Thomas also touted the Smart Policing Initiative that was announced in October by McHale and Jackson County Prosecutor Jean Peters Baker, as well as KCPD Chief of Police Darryl Forte’s controversial decision to remove the title of Community Interaction Officer (CIO) from popular officers like East Patrol’s Greg Smith.
“The Chief did make the decision to do away with the CIO, but I think what a lot of people missed when he did that was that it’s his vision and his hope that we can have officers like Greg Smith and the way he interacts with the community – and officers like Jason Cooley before him – the Chief’s vision is that every officer should be like that,” said Thomas.
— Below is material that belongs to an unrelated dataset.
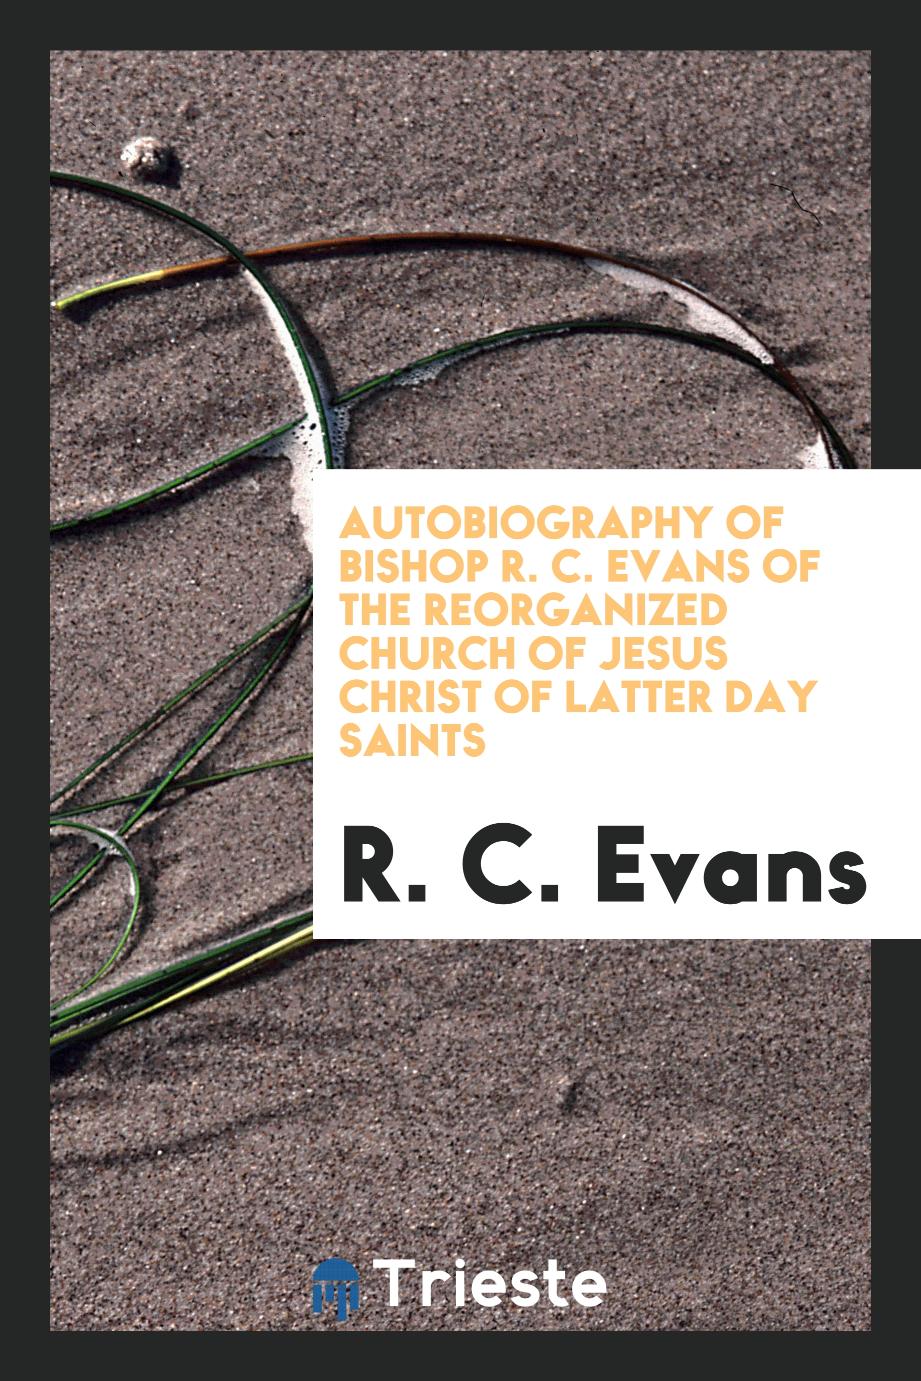 Autobiography of Bishop R. C. Evans of the Reorganized Church of Jesus Christ of Latter Day Saints
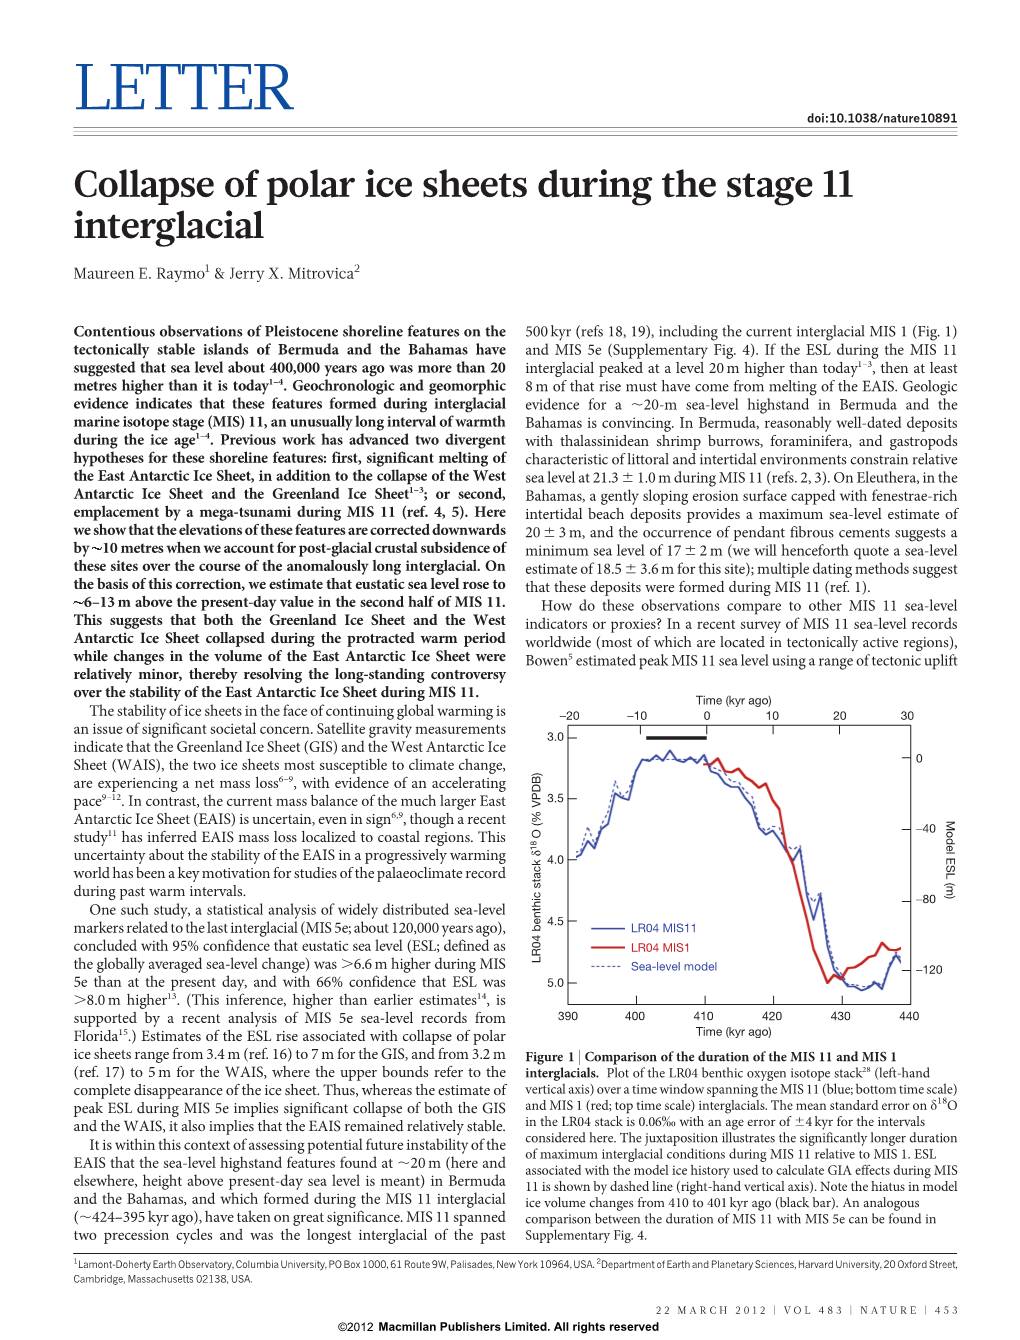 Collapse of Polar Ice Sheets During the Stage 11 Interglacial

To Thomas, Forte’s decision was actually a ringing endorsement for the type of work being done by officers like Smith.
“I believe that the Chief believed in what those officers were doing so much, that there was a need to extend it to every officer,” said Thomas. “That’s what I was tasked with doing here.”
Thomas thinks the rest of KCPD’s officers will benefit by focusing on community relations, too.
“If you approach everything in life with a servant’s heart, you will be your best self,” he said. “That’s something that I truly believe in. I’ve seen that model work.”
The community will have an opportunity to meet Major Thomas for themselves on January 24, when the East Patrol Commander has scheduled an open house. Thomas said that he’s been looking forward to the chance to hear directly from community leaders.
“It will be January 24 from 5:00 p.m. to 7:00 p.m. It’s going to be more of an open forum,” said Thomas. “I know everyone has busy schedules, so myself and the assistant division commanders will be there and it will just be a meet and greet.”